Scrape vs. crawl vs. extract — a quick map

Scrape: one URL, one Markdown document. Use for targeted lookups — an agent reading a specific page, or ingesting a single article.
Crawl: one seed URL, many pages. Use for bulk ingestion of a docs site, blog, or wiki into a vector store.
Extract: one or more URLs, structured JSON fields. Use when you need specific data points rather than full prose — prices, dates, author names, specs.

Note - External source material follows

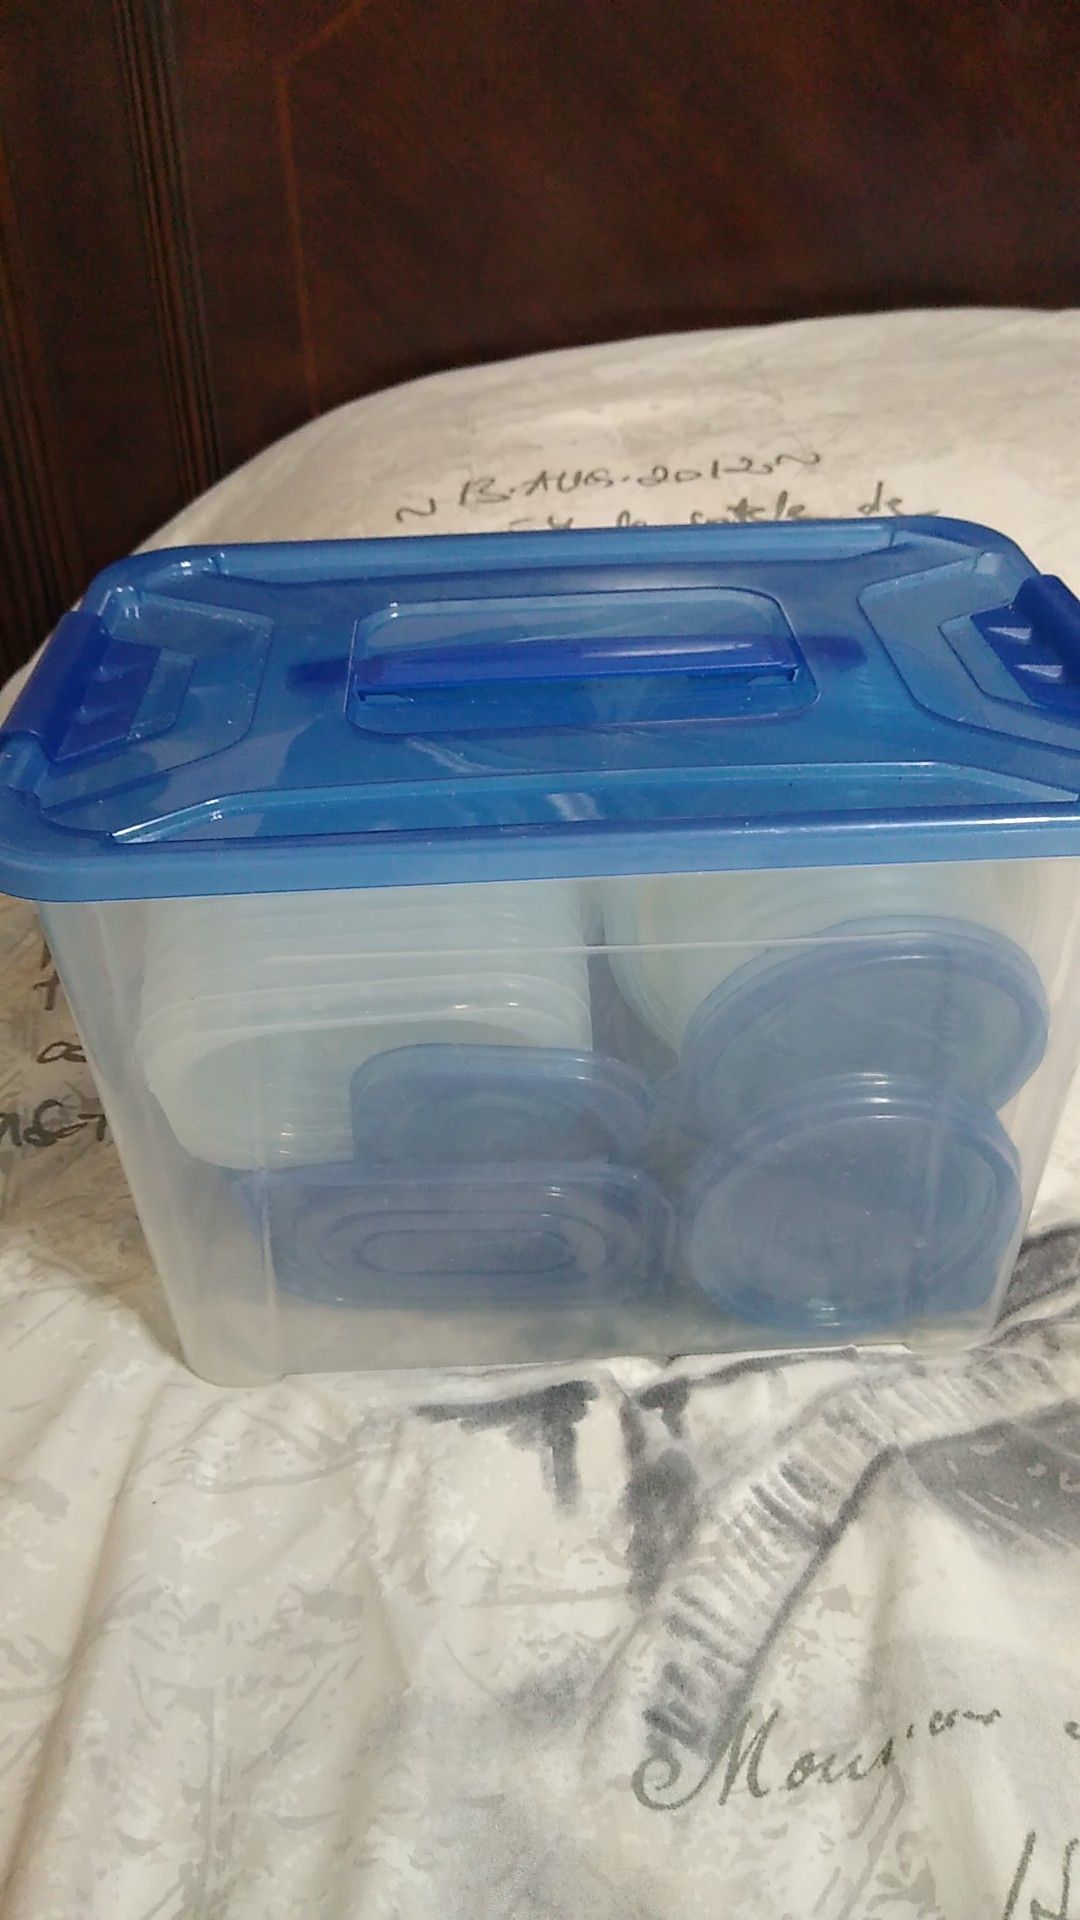 Plastic containers w/storage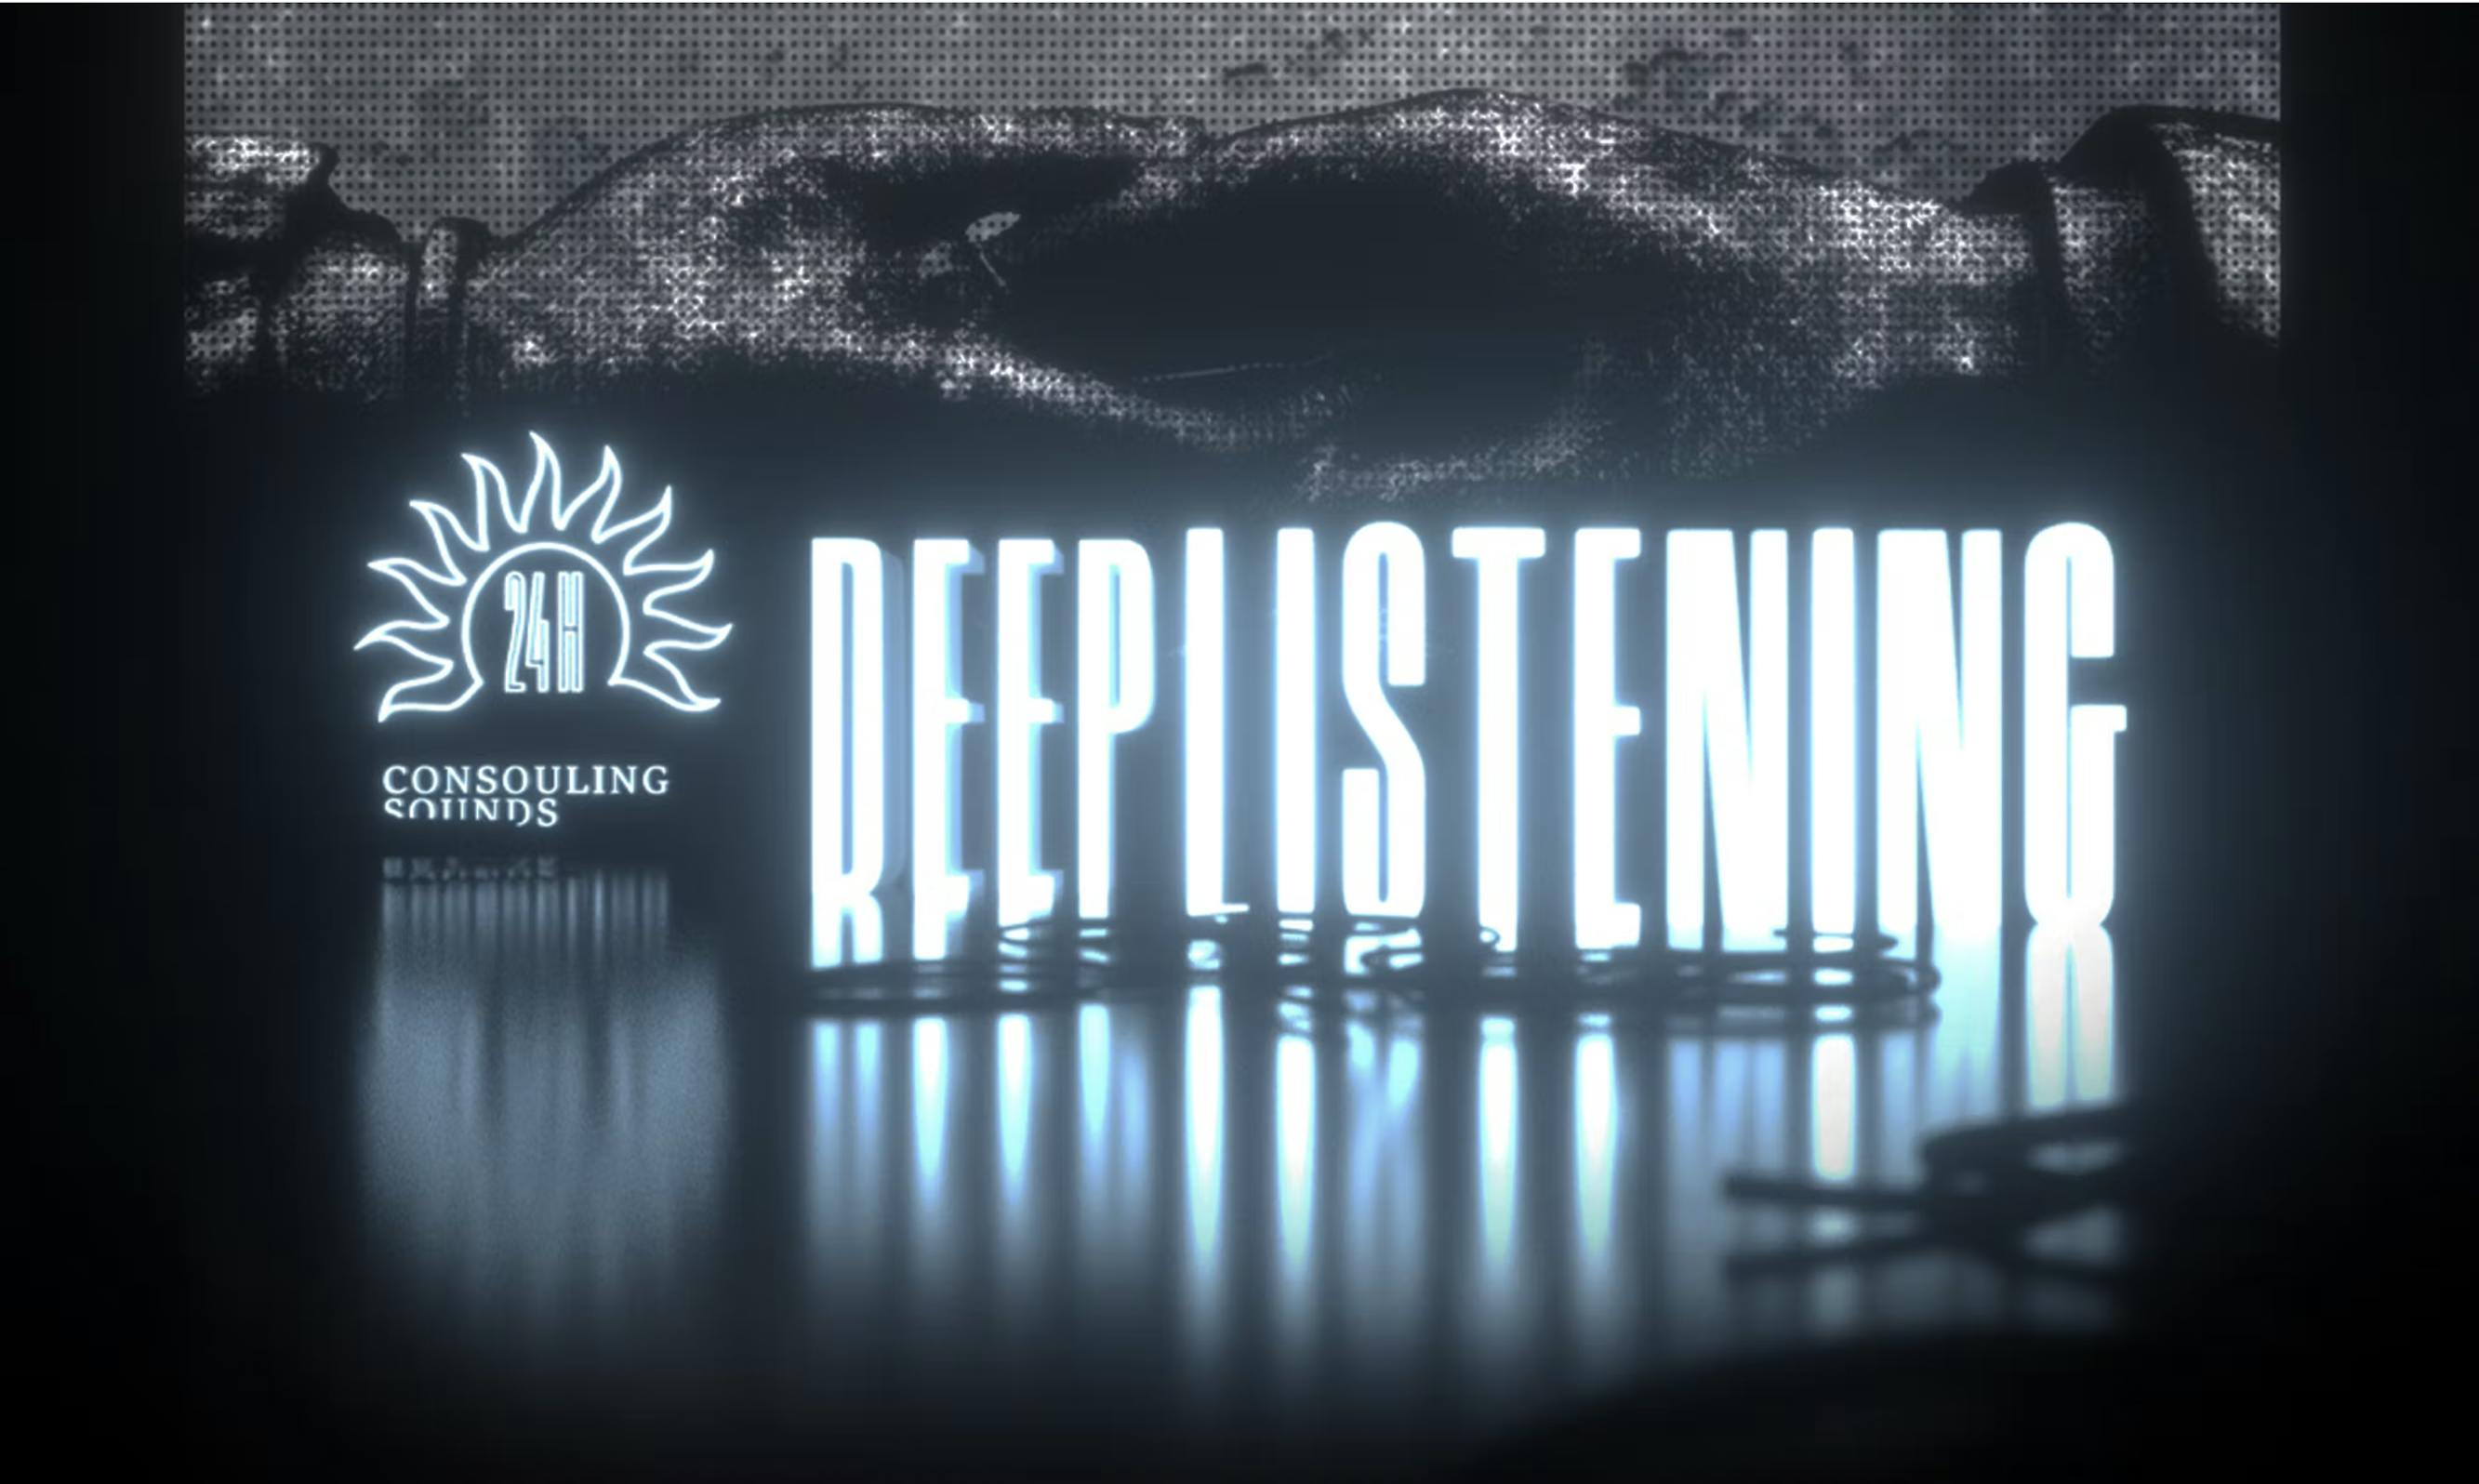 Consouling Sounds verloot testpressings ten voordele van Deep Listening Festival

All three share the same transport layer: Firecrawl’s managed infrastructure renders the page headlessly, follows redirects, handles auth challenges where configured, and strips boilerplate before your code sees a single byte.

In one breath

The web is built for browsers, not LLMs — raw HTML is mostly nav, ads, and scripts; feeding it wastes tokens, confuses the model, and hurts retrieval. You want clean Markdown.
Firecrawl solves two hard problems: boilerplate removal (≈8k HTML tokens → ≈1.5k Markdown) and JS rendering (a plain GET on a React/Next page returns an empty skeleton; a headless browser gets the real content).
Three operations: scrape (one URL → one Markdown doc), crawl (seed → many pages, capped by limit/max_depth), extract (URLs + schema → structured JSON).
Two integration points: RAG ingestion (offline batch — crawl → chunk → embed → store) and an agent browsing tool (online — wrap scrape_url, trim to ~4–8k chars).
Crawls are metered and legally bounded — cap limit/max_depth, respect robots.txt and ToS, and verify retrieved facts before acting (web content is untrusted and can be stale).

Quick check

0/3

Q1Why does Firecrawl return Markdown instead of raw HTML?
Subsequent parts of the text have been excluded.